** EXERCISE BRIEF **
Please copy out the entries below exactly, beginning with the line that contains "Zoë Jordan Wool" and ending with the line that contains "Farmers inspecting crops in a field", and include nothing outside that span.

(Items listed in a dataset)
:::
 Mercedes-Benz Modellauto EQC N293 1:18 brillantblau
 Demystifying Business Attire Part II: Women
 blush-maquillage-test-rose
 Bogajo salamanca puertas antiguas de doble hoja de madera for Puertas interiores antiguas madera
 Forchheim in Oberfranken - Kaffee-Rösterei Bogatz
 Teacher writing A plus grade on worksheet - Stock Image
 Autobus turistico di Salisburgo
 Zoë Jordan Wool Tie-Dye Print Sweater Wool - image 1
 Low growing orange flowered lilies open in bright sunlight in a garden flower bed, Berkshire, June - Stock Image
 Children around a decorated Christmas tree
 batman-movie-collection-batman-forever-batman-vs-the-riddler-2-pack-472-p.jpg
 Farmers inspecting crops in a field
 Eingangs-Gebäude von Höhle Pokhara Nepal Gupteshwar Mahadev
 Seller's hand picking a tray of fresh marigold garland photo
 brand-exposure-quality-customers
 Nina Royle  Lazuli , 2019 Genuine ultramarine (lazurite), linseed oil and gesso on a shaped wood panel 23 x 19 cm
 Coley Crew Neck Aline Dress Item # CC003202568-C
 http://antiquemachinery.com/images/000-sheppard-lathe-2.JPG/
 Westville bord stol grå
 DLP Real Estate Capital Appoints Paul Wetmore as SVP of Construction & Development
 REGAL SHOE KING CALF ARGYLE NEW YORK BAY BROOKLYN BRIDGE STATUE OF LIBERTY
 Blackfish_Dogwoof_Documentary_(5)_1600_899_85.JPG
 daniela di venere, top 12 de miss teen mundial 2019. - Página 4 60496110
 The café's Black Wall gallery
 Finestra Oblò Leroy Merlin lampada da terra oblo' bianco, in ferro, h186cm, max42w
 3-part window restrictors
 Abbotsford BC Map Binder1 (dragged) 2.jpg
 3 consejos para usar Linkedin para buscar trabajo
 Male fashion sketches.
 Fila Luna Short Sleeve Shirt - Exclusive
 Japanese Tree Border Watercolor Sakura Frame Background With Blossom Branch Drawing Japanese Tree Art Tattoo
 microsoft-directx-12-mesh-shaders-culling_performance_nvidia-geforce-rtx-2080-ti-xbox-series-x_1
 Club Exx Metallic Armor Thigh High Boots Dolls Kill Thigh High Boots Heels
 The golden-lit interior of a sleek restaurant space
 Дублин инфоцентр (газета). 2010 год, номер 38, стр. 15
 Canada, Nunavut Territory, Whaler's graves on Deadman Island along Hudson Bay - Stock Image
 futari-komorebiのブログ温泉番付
:::
** ANSWER BOX **
 Zoë Jordan Wool Tie-Dye Print Sweater Wool - image 1
 Low growing orange flowered lilies open in bright sunlight in a garden flower bed, Berkshire, June - Stock Image
 Children around a decorated Christmas tree
 batman-movie-collection-batman-forever-batman-vs-the-riddler-2-pack-472-p.jpg
 Farmers inspecting crops in a field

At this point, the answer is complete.